Rubén Palomeque

Personal information
- Full name: Rubén Palomeque Barrera
- Nationality: Spain
- Born: 14 August 1980 (age 45) Barcelona, Spain
- Height: 1.75 m (5 ft 9 in)
- Weight: 57 kg (126 lb)

Sport
- Sport: Athletics
- Event: Steeplechase
- Club: FC Barcelona
- Coached by: Enrique Pascual Oliva

Achievements and titles
- Personal best: 3000 m steeplechase: 8:20.07 (2008)

= Rubén Palomeque =

Spanish steeplechase runner

Rubén Palomeque Barrera (born August 14, 1980 in Barcelona) is a Spanish steeplechase runner. In 2008, he set his personal best time of 8:20.07 by finishing third at the European Athletics Premium Meeting in Heusden-Zolder, Belgium.

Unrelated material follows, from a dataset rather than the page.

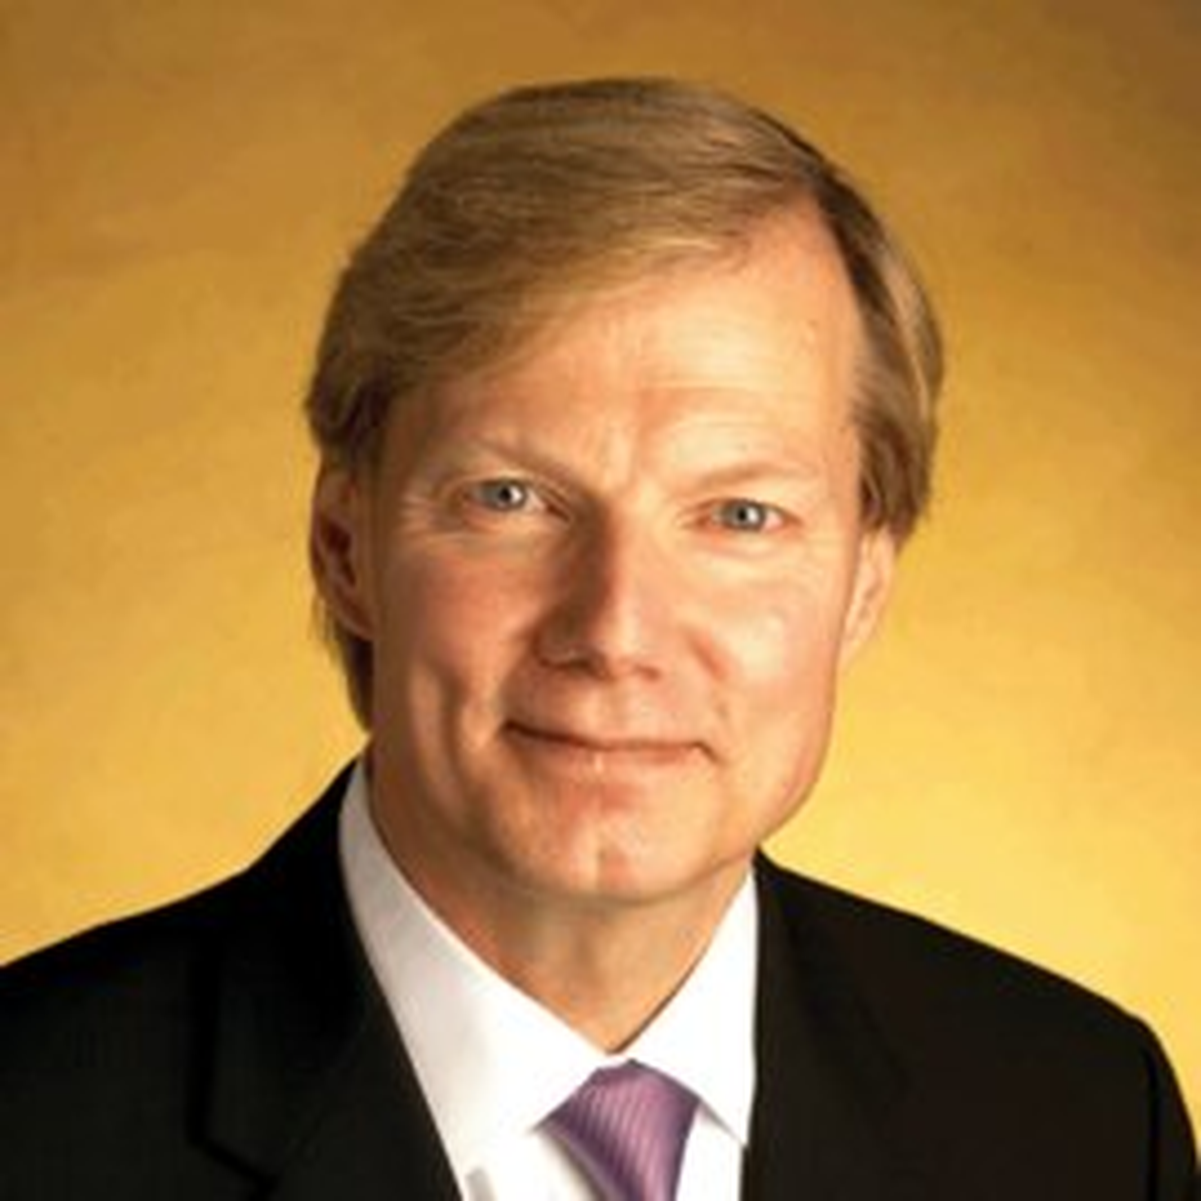 Tim Porter-O'Grady

Palomeque represented Spain at the 2008 Summer Olympics in Beijing, where he competed for the men's 3000 m steeplechase, along with his compatriots Eliseo Martín and José Luis Blanco. He ran in the first heat against twelve other athletes, including France's Bouabdellah Tahri and Kenya's Brimin Kipruto, who eventually won the gold medal in the final. He finished the race in twelfth place by nineteen seconds behind Portugal's Alberto Paulo, outside his personal best time of 8:58.50. Palomeque, however, failed to advance into the final, as he placed thirty-sixth overall and was ranked farther below four mandatory slots for the next round.

Palomeque is a member of Club Atletico FC Barcelona, being coached and trained by Enrique Pascual Oliva.